# Best Budget Speakers Around $60.00



## happy (Sep 11, 2012)

Hi guys,
So I am going to buy some new speakers for my 2.1 HT setup.  I know that speakers are subjective, from person to person.  But I just wanted to know which speakers are the best in your opinions that is under $60 shipped.  
Here are the speakers I have found:
-Monoprice 3 way speakers
-Dayton B652

Are there any others around the $60 dollars price range?


----------



## happy (Sep 11, 2012)

Bump
Need help deciding!


----------



## Hood (Oct 1, 2012)

happy said:


> Bump
> Need help deciding!



In that price range it's a crap shoot, some sound golden but most sound like crap!  Seriously, you should read a lot of reviews to make sure you don't end up with speakers that sound horrible  Me, I was lucky enough to get 4 of my brother's hand-me-down Boston Acoustics Micro90X speakers, and they rock!  Look on eBay for Boston speakers, I've seen them used for as low as $60/pair (but the risk is getting blown up speakers).  Just a thought, because I don't think you'll be happy with many $60 speakers off the shelf.  Good luck!


----------



## Phusius (Oct 1, 2012)

Creative Inspire T10 10 Watts RMS 2.0 Speaker Syst...

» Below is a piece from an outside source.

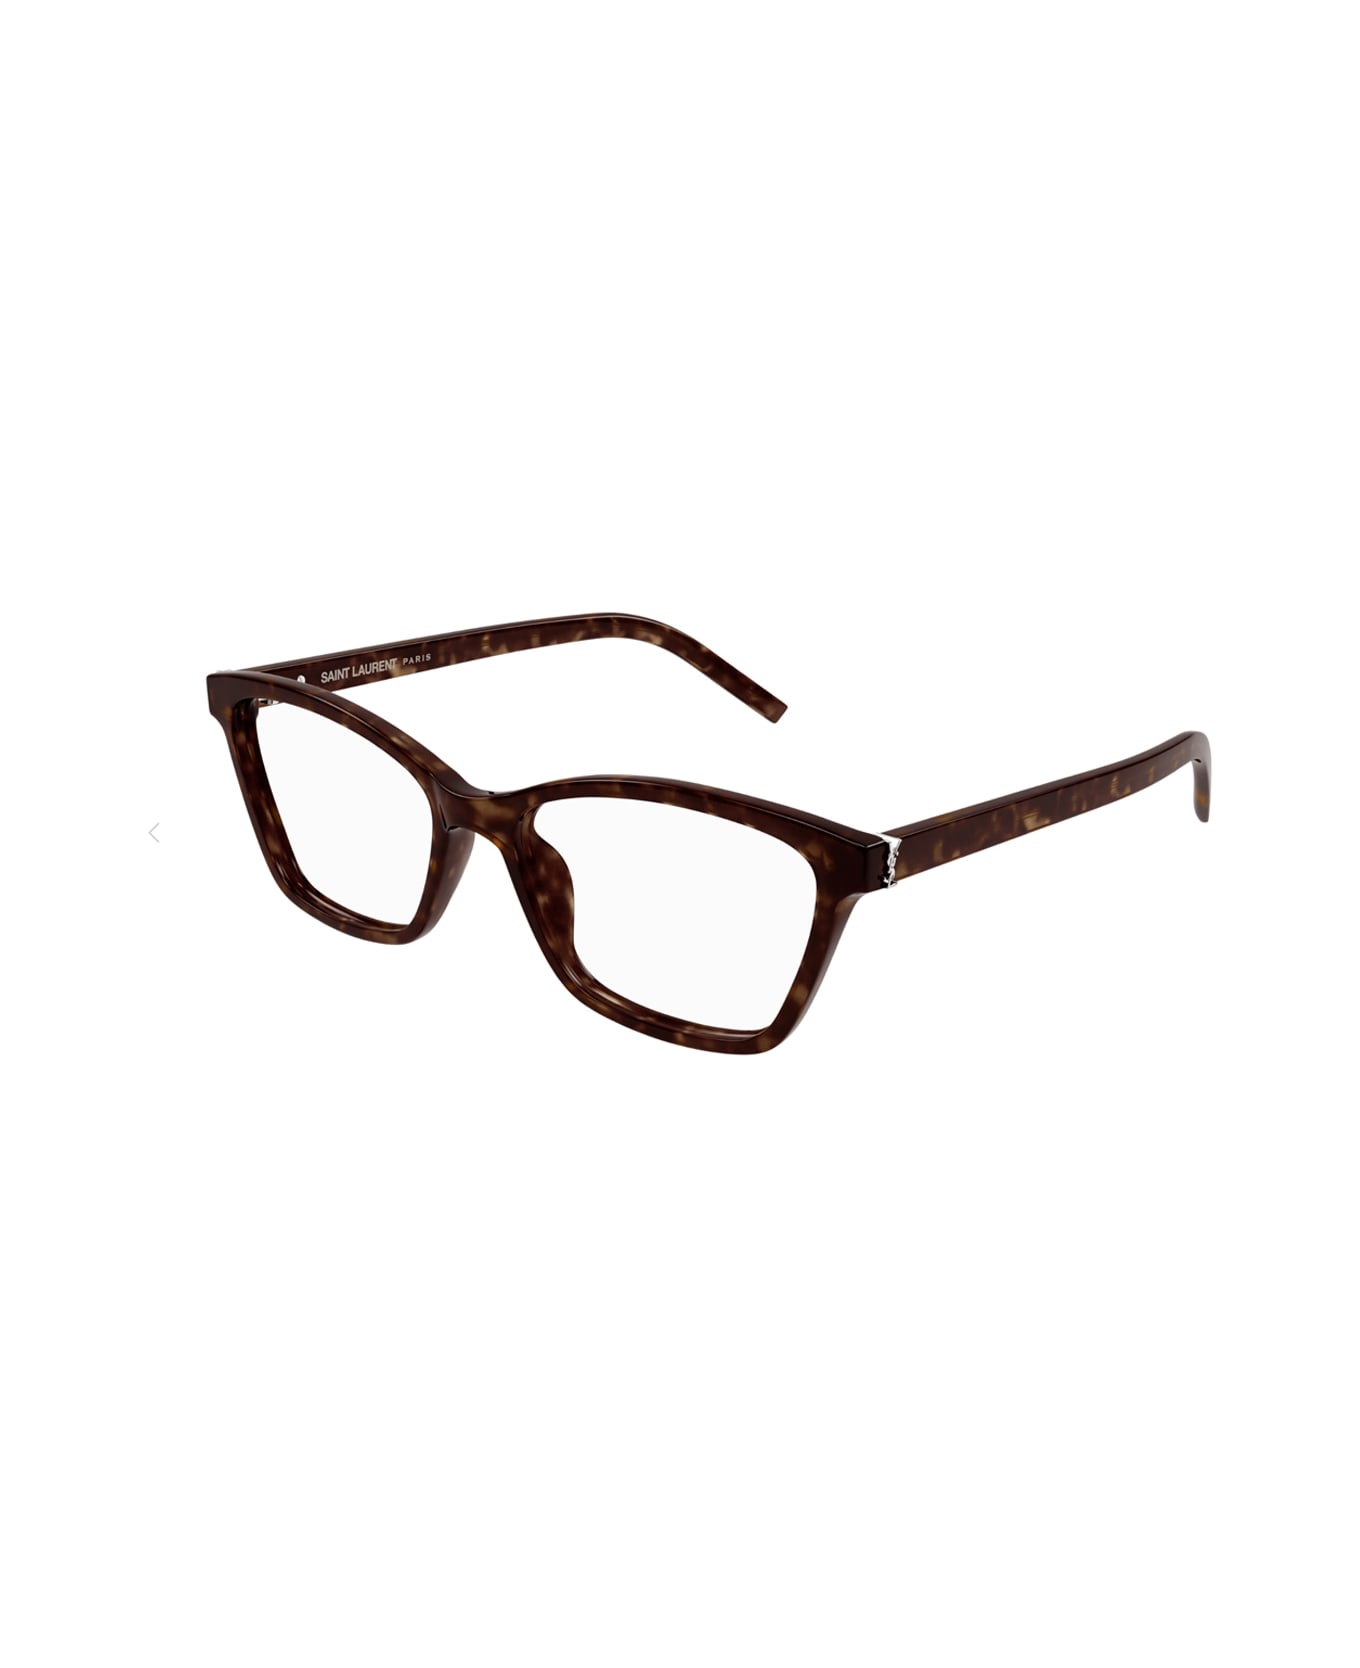 Saint Laurent Eyewear Sl M128 006 Glasses - Marrone

these are my desktop speakers and I am very pleased with them


----------



## Millennium (Oct 1, 2012)

If you can find some x-540s for that price (perhaps second hand) they are really good value.

edit: below looks better if you don't need surround. But it's cool!


----------



## AlienIsGOD (Oct 1, 2012)

if you go refurb you could get z623's like mine for $79.99.  regularly they are $160.  Refurbs should always be considered from respectable brands as they can offer superior value for the discounted price


----------